You are inventing a problem that does not exist. Go take a walk where it is allowed and see how many girls are walking topless in the street.

[–] jerkface@lemmy.ca 5 points 1 month ago* (last edited 1 month ago) (1 children)

It's not necessarily because they don't want to. It's because in North American culture, it invites harassment. And then people like many of those posting in this thread will just say that they asked for it. So of fucking course women don't go topless in public.

https://www.cbc.ca/news/canada/kitchener-waterloo/women-can-go-topless-in-ontario-but-they-don-t-want-to-fearing-harassment-1.3171257

[–] Silentiea@lemmy.blahaj.zone 1 points 1 month ago

It's not necessarily because they don't want to.

I mean, it is because they don't want to ...

it invites harassment.

That's why they didn't want to.

[–] rottingleaf@lemmy.world 0 points 1 month ago (1 children)

The true problem is not a problem, it's the reality of human sexuality where most men and some women see female breasts as sexual most of time.

There are different situations where nudity of all kinds is not perceived sexually, that doesn't affect the general rule that I shouldn't run around the block all naked.

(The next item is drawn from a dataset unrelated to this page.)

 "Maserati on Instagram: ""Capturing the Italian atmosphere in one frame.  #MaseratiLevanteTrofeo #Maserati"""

Saying it's not equal because men too have nipples and those are not perceived as sexual is kinda strange. Let's abolish pregnancy leaves then. Gender may be a social construct by now, sex is obviously not, and (most) humans are not hermaphrodites, so the rules can't be the same.

This is a nothing burger of a subject frankly, we already know that real world doesn't fit ideal ideas. If some ideal idea would describe the real world, then you'd only need that ideal idea to know it all and other information wouldn't matter. Some religious fanatics are actually trying, destroying all the knowledge and art not coming from their holy book.

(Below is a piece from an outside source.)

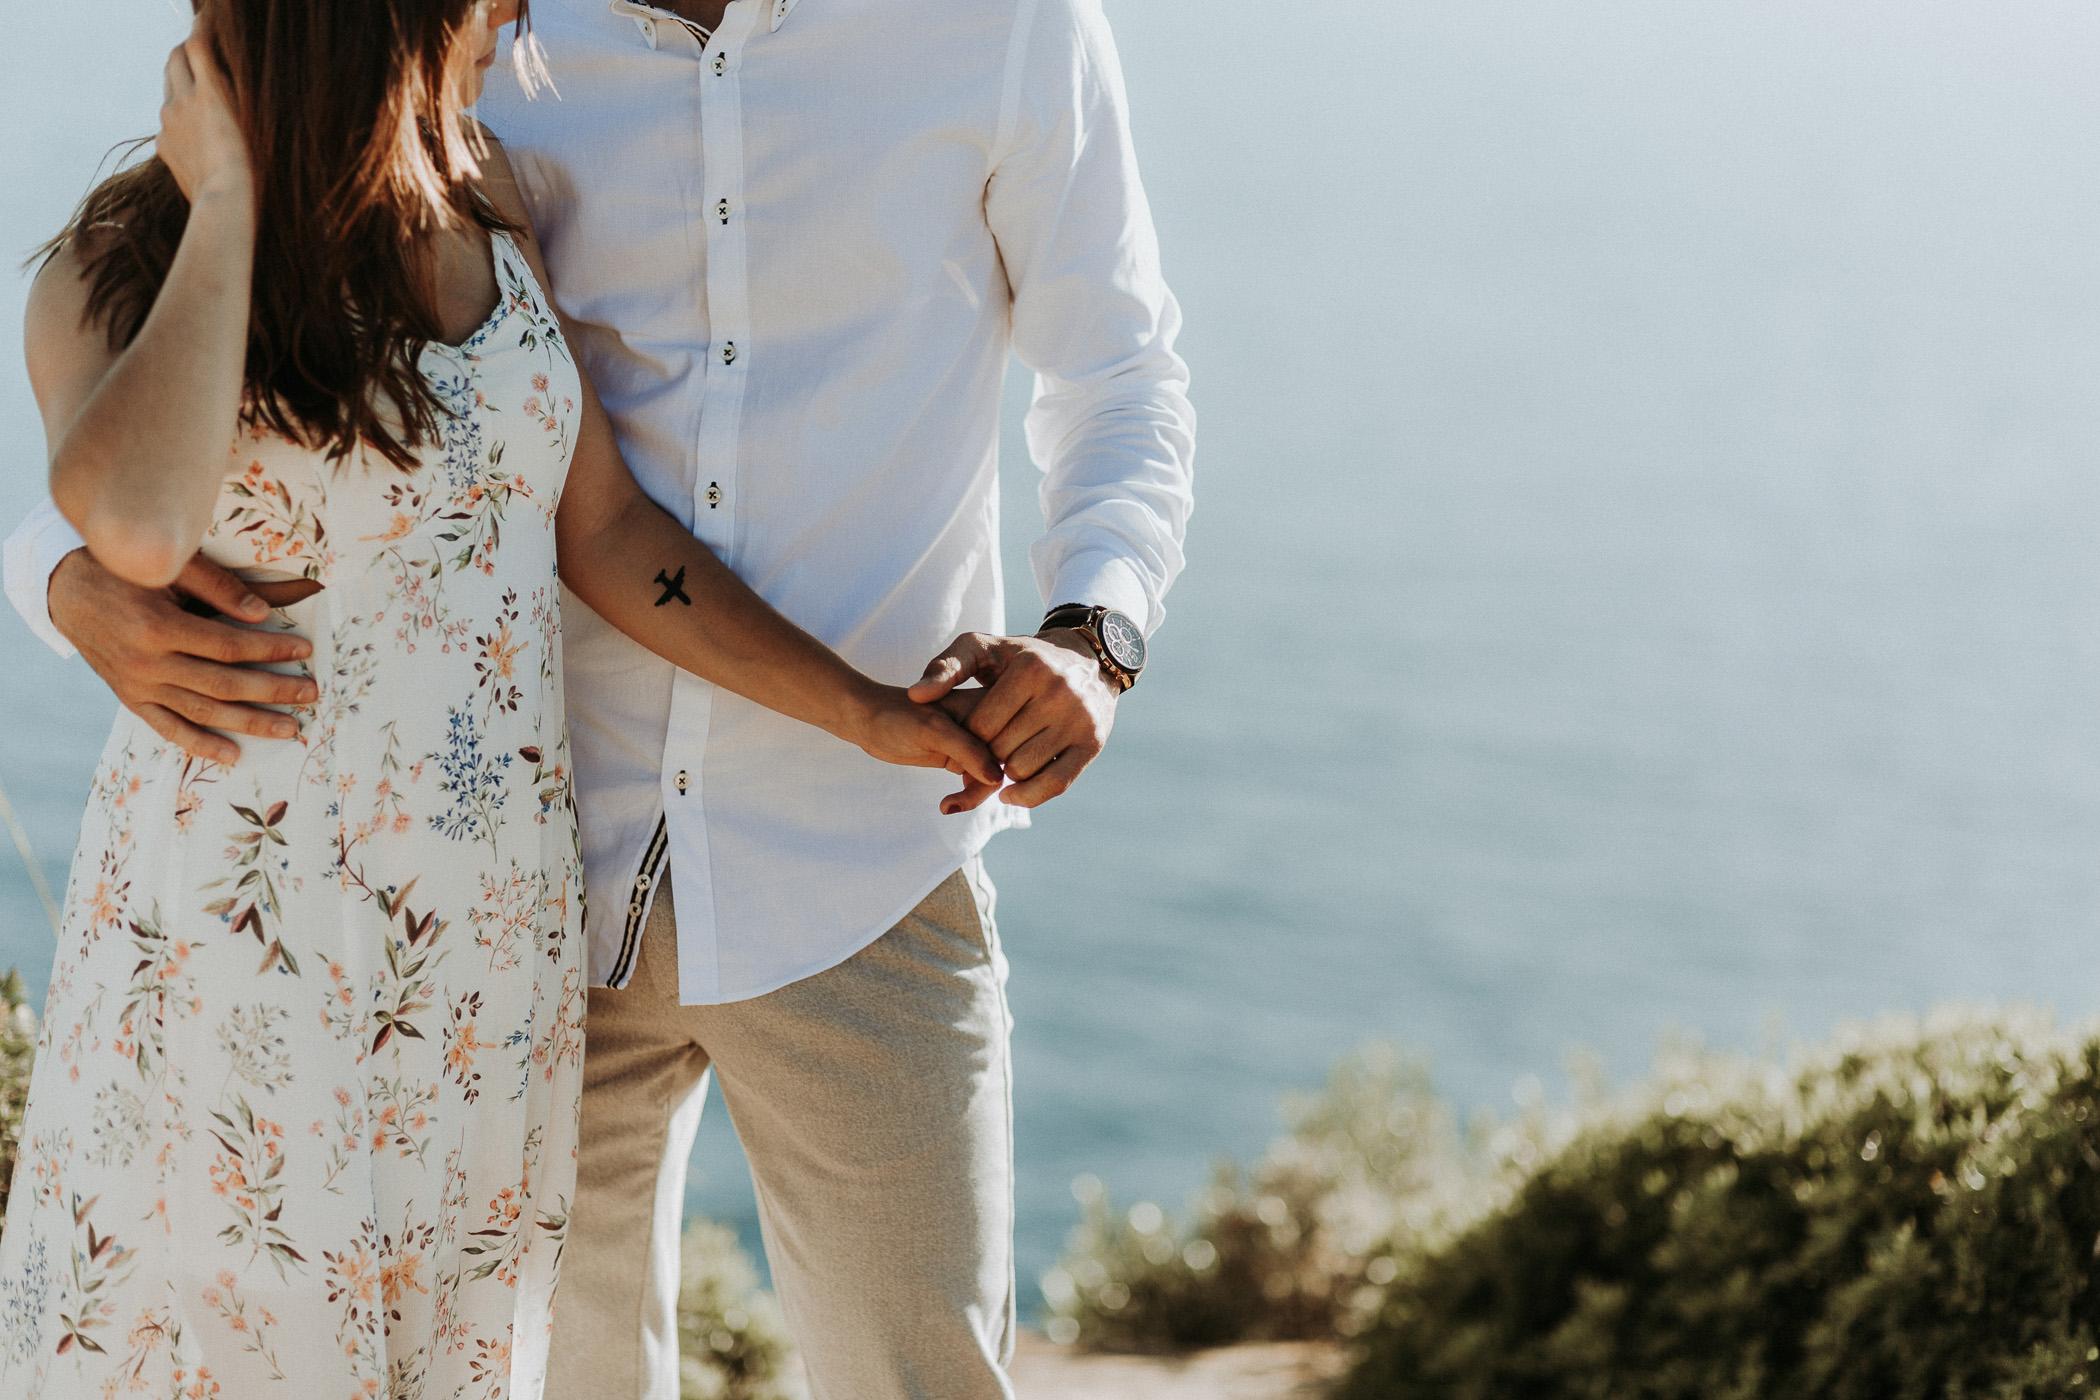 DanielaMarquardtPhotography_wedding_elopement_mallorca_spain_calapi_palma_lauraandtoni_180

This doesn't work, the real world is as complex as all the information in it. An action is good or bad only in a particular real situation.

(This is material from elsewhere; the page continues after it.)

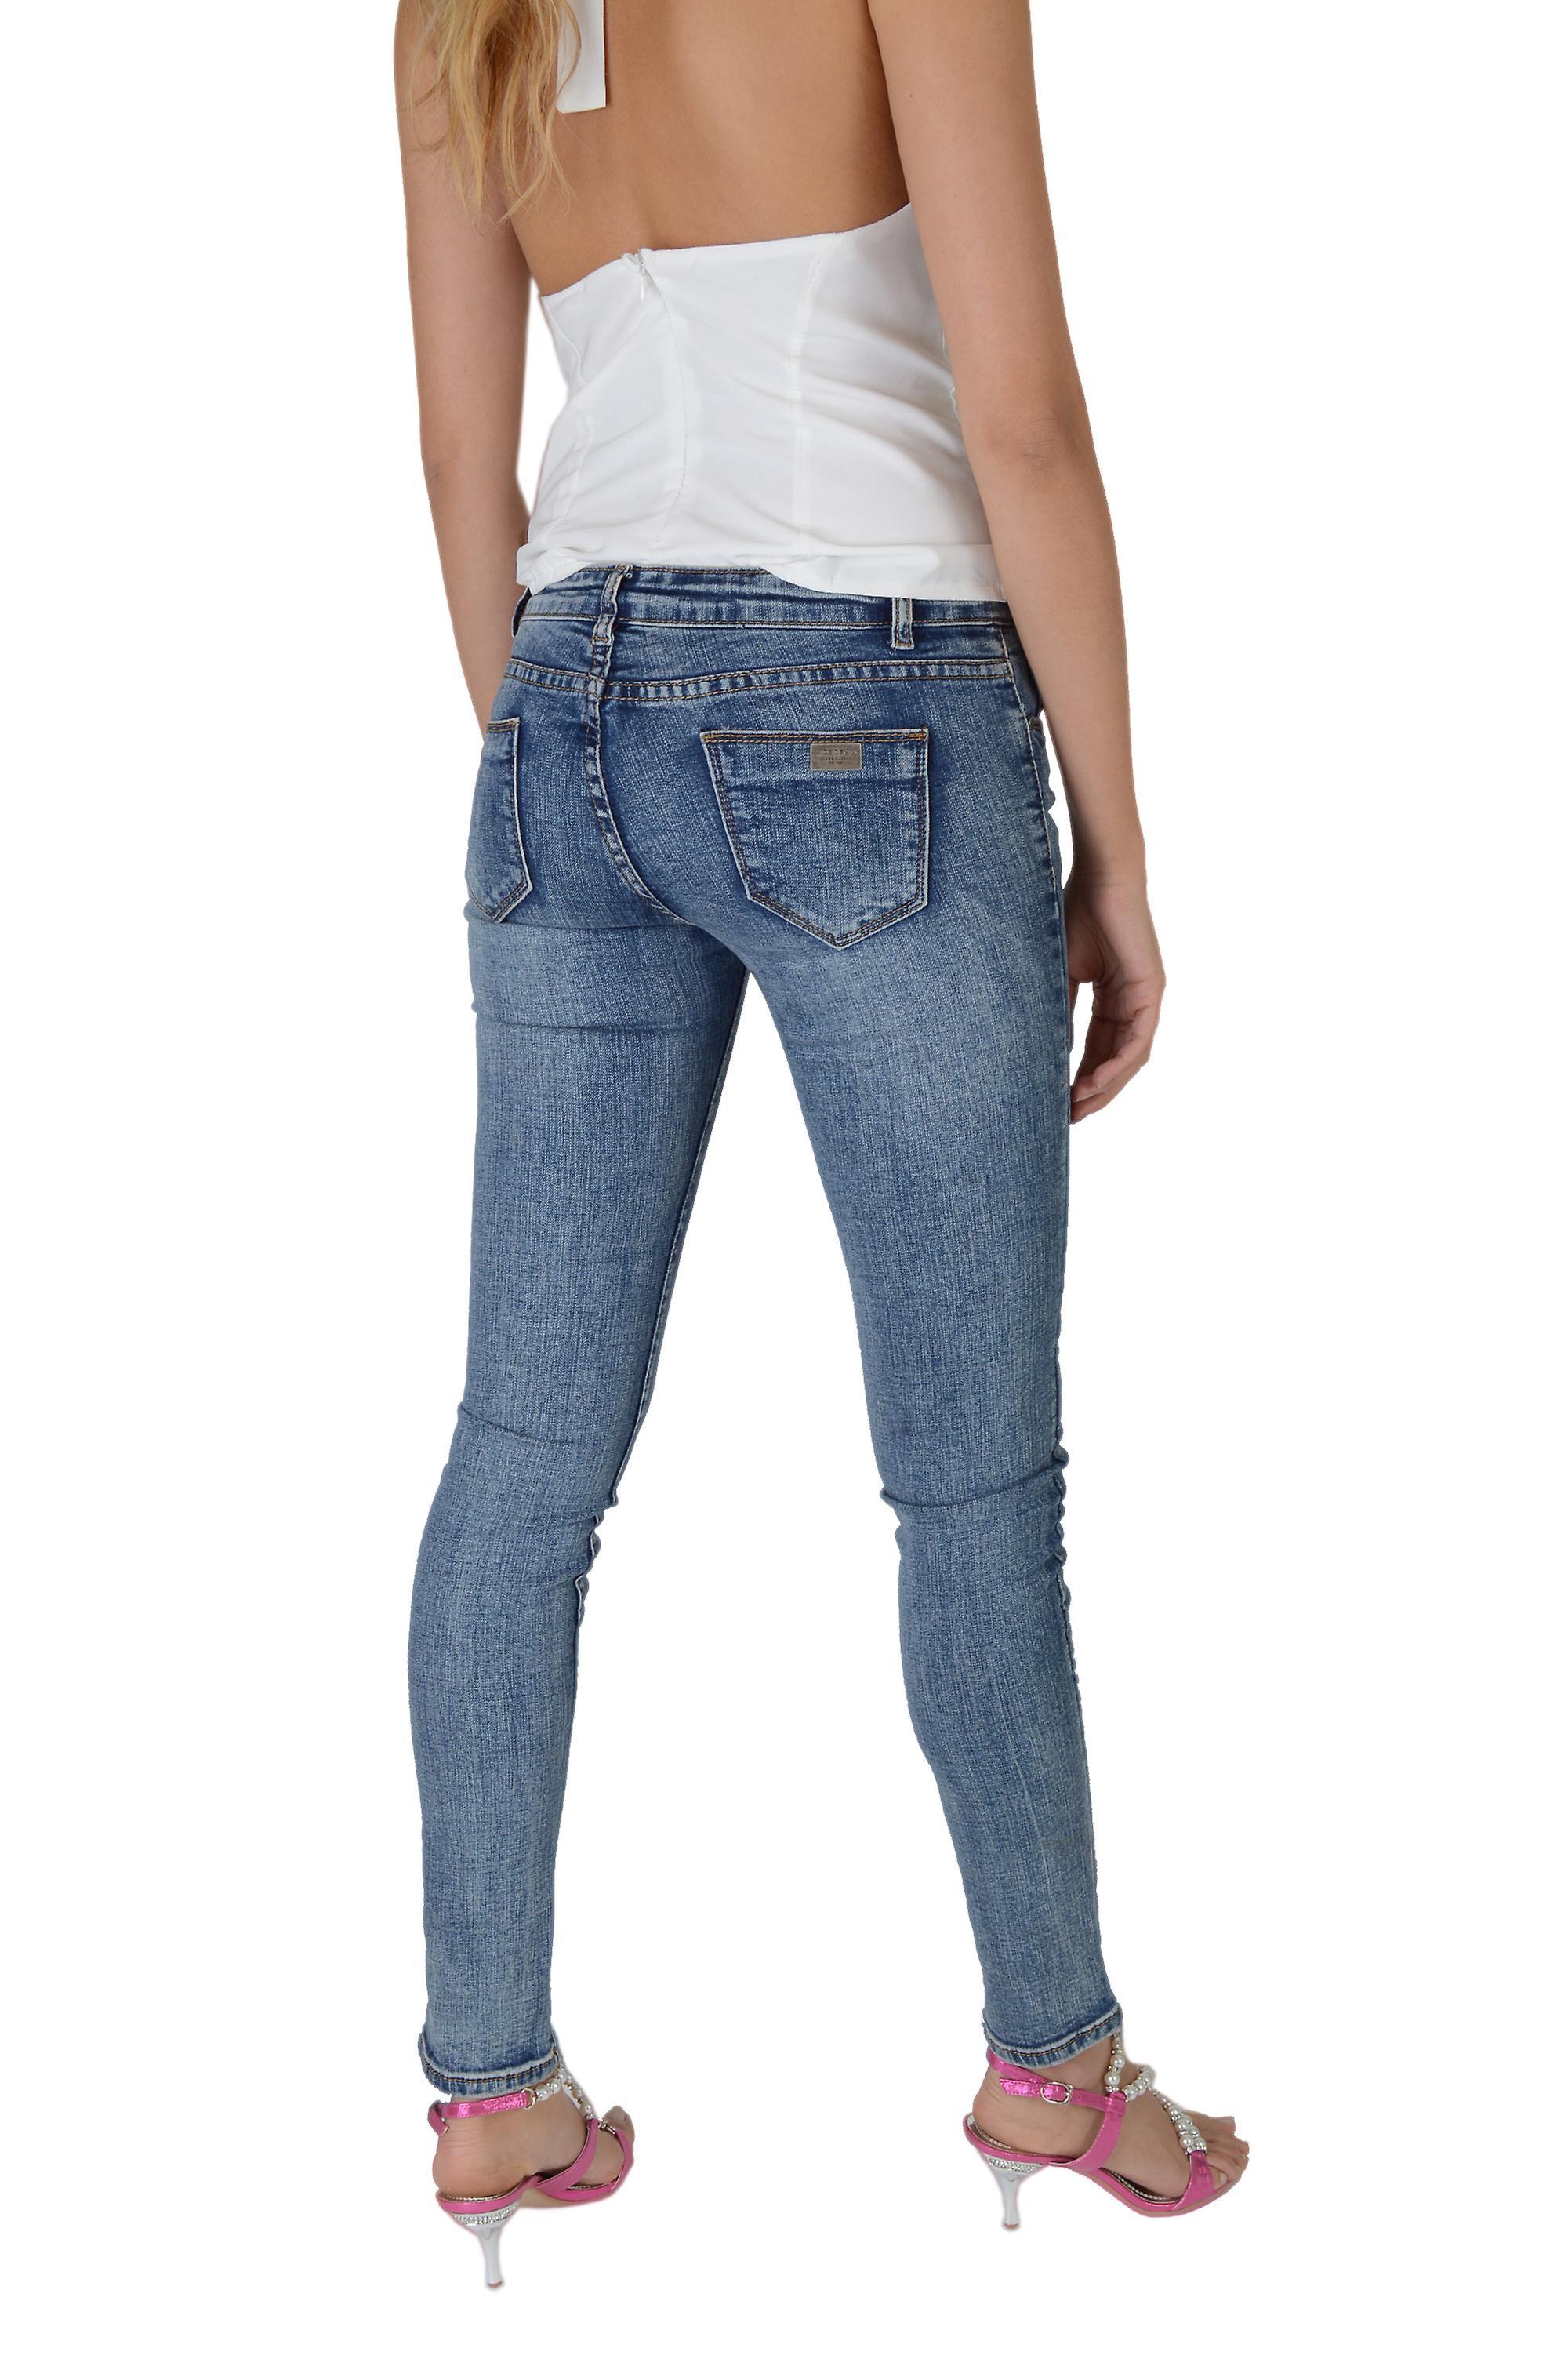 Lovemystyle Acid Wash Skinny Leg Blue Low Rise Jeans

Which is also why choosing a seemingly ideal enough principle and trying to fit it to everything, pretending that makes everyone equal, is a lie.

[–] JovialMicrobial@lemm.ee 3 points 1 month ago (1 children)

Women are allowed to walk around in sandals and no shoes at the beach despite foot fetishes being one of the most common paraphilias(behind breasts.)

You don't see women getting accosted by guys who like feet because they have their toes out and it's sexual to some guy nearby.

If dudes into feet can control themselves and be respectful then so can dudes into breasts when they are near a top less woman in public.

[–] rottingleaf@lemmy.world 1 points 1 month ago

As far as I'm concerned walking totally naked should be legal, though for practical implications of varying ass-wiping culture and genitals saying things we don't put into words, I suppose, it would be "everything is optional except pants".

[–] PersnickityPenguin@lemm.ee -2 points 1 month ago* (last edited 1 month ago) (1 children)

So you feel that women should be arrested and prosecutable if their nipples are exposed?

That's very misogynist. And no, you can't argue for the law to "save the women" from all those perverts. Because the whole point of this is to free women from the bullshit laws that allows society to prosecute them while pulling double duty by effectively shaming their bodies.

Most women are not going to run around topless voluntarily. But, even if they did - say a group of girls or women decided to go skinny dipping or whatever at a lake, do you really believe they should go to jail for that?

Don't mansplane and tell everyone these laws are for women's own good, because they aren't. Inventing this bizarre photographic scenario is just bizarre. It's a fiction of your imagination and is a straw man argument.

You are correct that the true problem is men, but not how you think it is.

[–] Croquette@sh.itjust.works 3 points 1 month ago

Are you okay? OP's post was pretty well written, and the guy only explained his moral dilemma without being disrespectful and you come shouting down like a banshee.

His point is a totally valid one and should be discussed to alleviate any moral dilemma to be had.